Passenger rail service in metropolitan Melbourne, Victoria, Australia

The Williamstown line is a commuter railway line in the city of Melbourne, Victoria, Australia. Operated by Metro Trains Melbourne, it is the city's third shortest metropolitan railway line at 16.2 km.

The line runs from Flinders Street station in central Melbourne to Williamstown station in the inner west, serving 12 stations via Footscray, Yarraville, and Newport. The line operates for approximately 19 hours a day (from approximately 5:00 am to around 12:00 am) with 24-hour service available on Friday and Saturday nights. For most of the day, the line operates with headways of 20 minutes, ensuring frequent service for commuters. Trains on the Williamstown Line run with two three-car formations of Comeng and Siemens Nexas trainsets.

Together with the Southern Cross to Sunbury portion of the Deniliquin railway line, it is the first and oldest government-built line in Victoria, having opened on 13 January 1859. The line was built to serve the port at Williamstown, giving it economic importance to the then-colony as it established itself as an important international passenger port.

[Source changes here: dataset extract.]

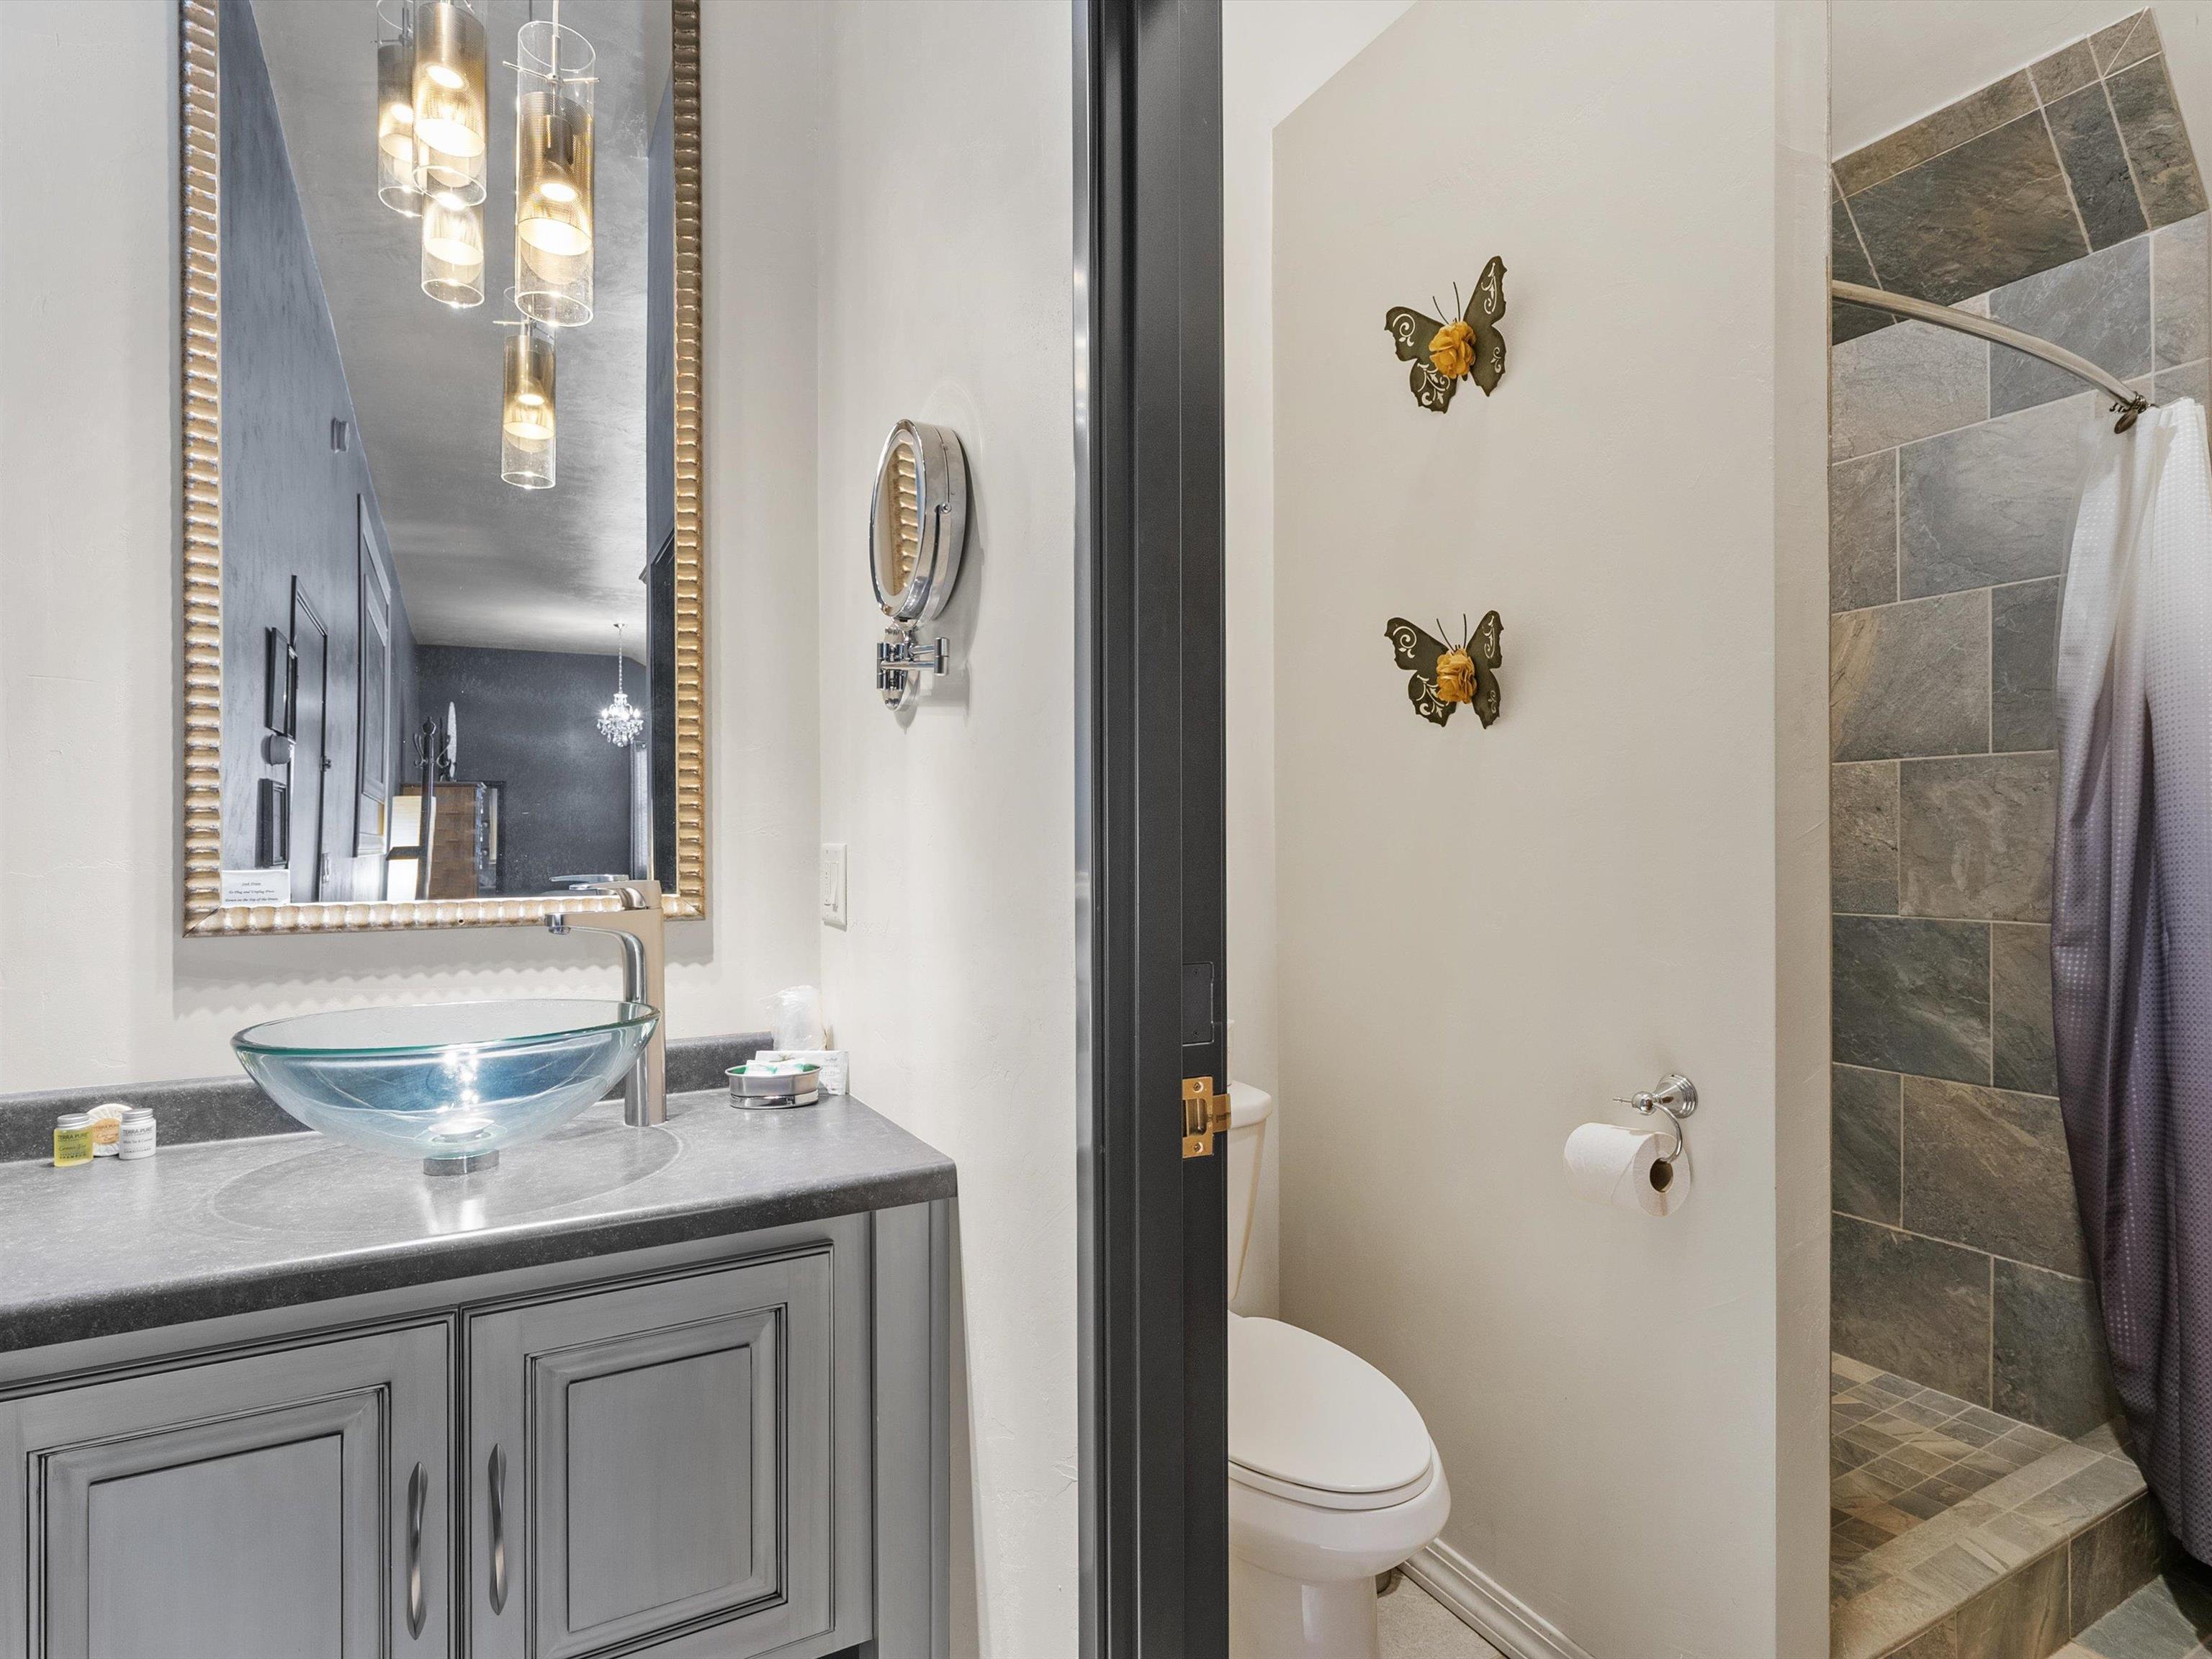 Epiphany suite - custom bathroom cabinets & tile shower

The line has played an important part in the development of Victoria's railways, with the first workshops opening along the line in the 1800s.

Since the 2010s, due to the heavily utilised infrastructure of the Williamstown line, improvements and upgrades have been made. Works have included replacing sleepers, upgrading signalling technology, the removal of level crossings, the introduction of new rolling stock, and station accessibility upgrades.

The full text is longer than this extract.